After San Francisco, we picked up our car, a red convertible obviously, and started the road trip properly.

We didn’t massively overthink this part. We knew we needed to get to Vegas, and we had a rough route in mind, but beyond that we just wanted the freedom to stop when we felt like it and see where the road took us.

We drove down through Monterey and Carmel-by-the-Sea before joining the iconic Big Sur Coast Highway.

Big Sur: the moment it all clicked

This is where it started to feel like a proper road trip.

Driving along Big Sur with the roof down, stopping whenever we wanted and taking in those views, it’s one of those stretches you don’t rush.

If there’s one reason to do this route, it’s this.

Travel tip: Don’t try and power through it too quickly. Give yourself time to stop along the way. That’s the whole point.
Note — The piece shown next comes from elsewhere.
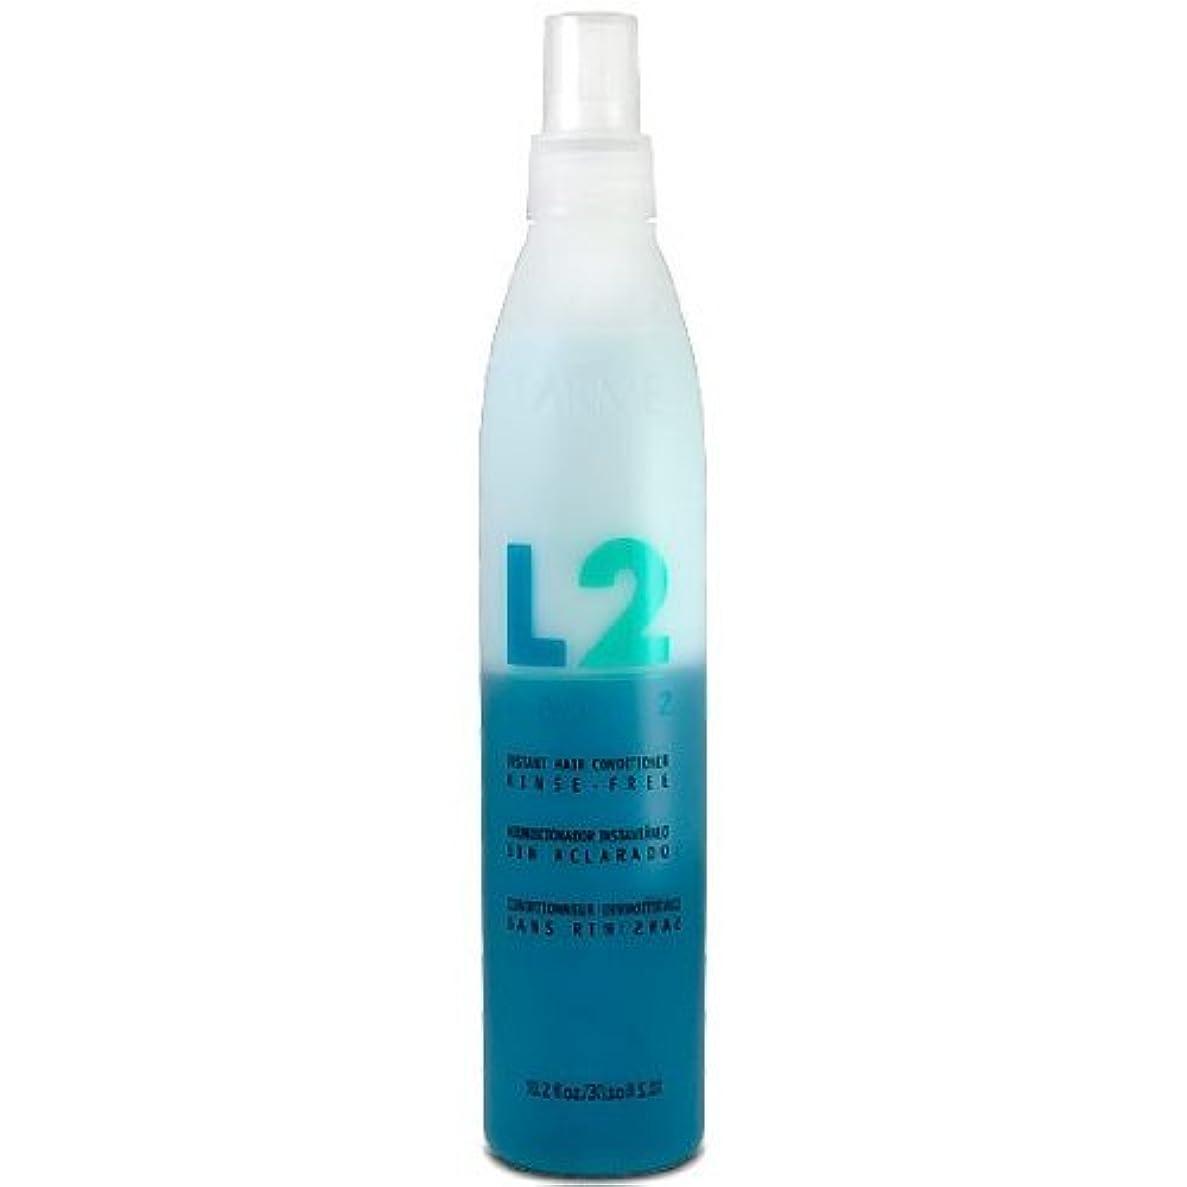 祝福カイウス印象的Lakme Lak 2 Instant Hair Conditioner 10.2 Oz [並行輸入品]

A stop we’d slow down next time

We passed through Carmel-by-the-Sea, and this is probably the only part of the trip I’d change slightly.
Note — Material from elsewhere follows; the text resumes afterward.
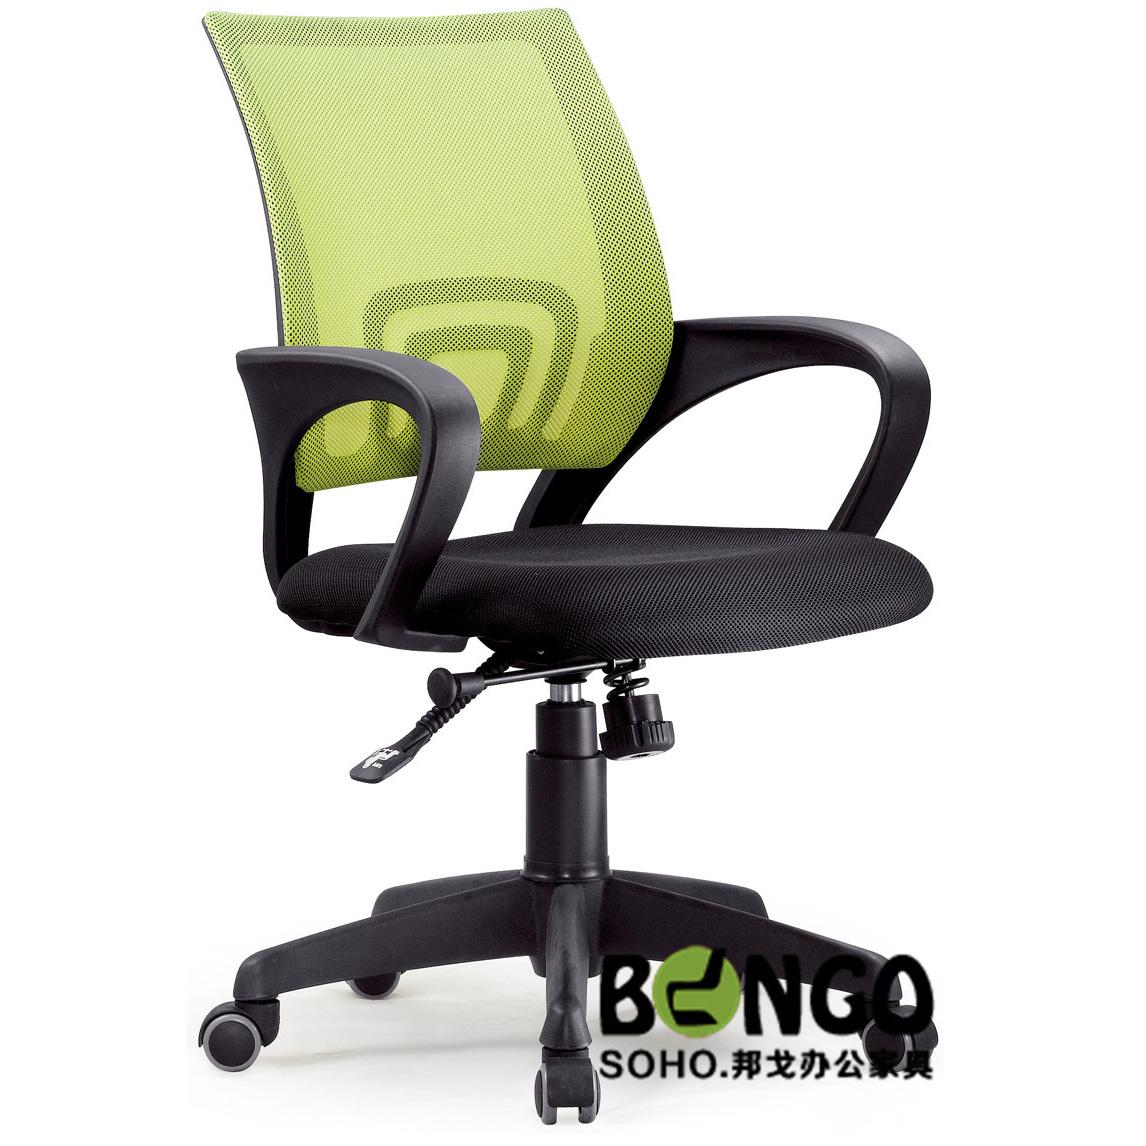 职员办公椅 ZY-BG1626

It had that effortless coastal feel, boutique shops, relaxed pace, and somewhere you’d want to wander in the evening. I wish we’d stayed overnight rather than just passing through.

Real-life road trip moments

We stayed overnight in Lost Hills at a roadside motel, which was absolutely fine… until someone drove into our car while we were asleep.

Not ideal.

The car was still drivable, although the passenger door would not open, so for the next few days we were climbing in and out of it like it was part of the experience.

And just to complete the set, I later reversed into a bollard in Death Valley.

At this point, we were fully committed to seeing what that insurance policy actually covered and were slightly dreading returning the car.

Death Valley: completely different, completely worth it

From the coast to the desert, the contrast in this trip is what makes it.

We stayed at The Oasis at Death Valley, which felt like something out of another era, a bit like Kellerman’s from Dirty Dancing, just surrounded by desert instead of mountains.

And honestly, I loved it.

Death Valley doesn’t feel like anywhere else. It’s vast, quiet, and slightly surreal, the kind of place you need to experience properly.

Travel tip: Don’t just drive through. Stay the night. It completely changes the experience.

Ending in Las Vegas

We finished the road trip in Las Vegas, which felt like the perfect contrast to everything that came before.

After days of driving, scenery, and complete freedom, arriving into Vegas, bright lights, big energy, and a full birthday celebration was exactly what the trip needed.

(And yes… we handed the car back fully expecting a bill, but they didn’t bat an eyelid. Insurance win. I am fairly sure we would not have had that experience if we were in Spain.)

The drive was the whole point of this trip. Vegas was just the ending

Who this trip is for

This kind of trip works really well for:

  • friends or couples

  • anyone who wants a mix of experience and flexibility

  • people who don’t want to be tied to one place

It’s not a “fly and flop” holiday. It is very much a see more, do more kind of trip.

If you’re debating whether to just fly straight to Vegas or turn it into a road trip… do the road trip. It completely changes the experience.

The practical side

  • Budget: £££

  • Time of year: April, ideal with warm, sunny weather and not extreme heat

  • Driving: really easy, Google Maps was all we needed

Travel tip: Download offline maps before you go, just in case signal drops in more remote areas.

If I did it again, I would probably add a few extra days and include the Sequoia trees.

Final thoughts

This is exactly why I always say travel is about more than just the hotel.

Having the freedom to move, to stop when you want, and to see completely different landscapes in one trip is what makes something memorable.

It’s the kind of trip I would recommend to anyone, and one I would 100% do again.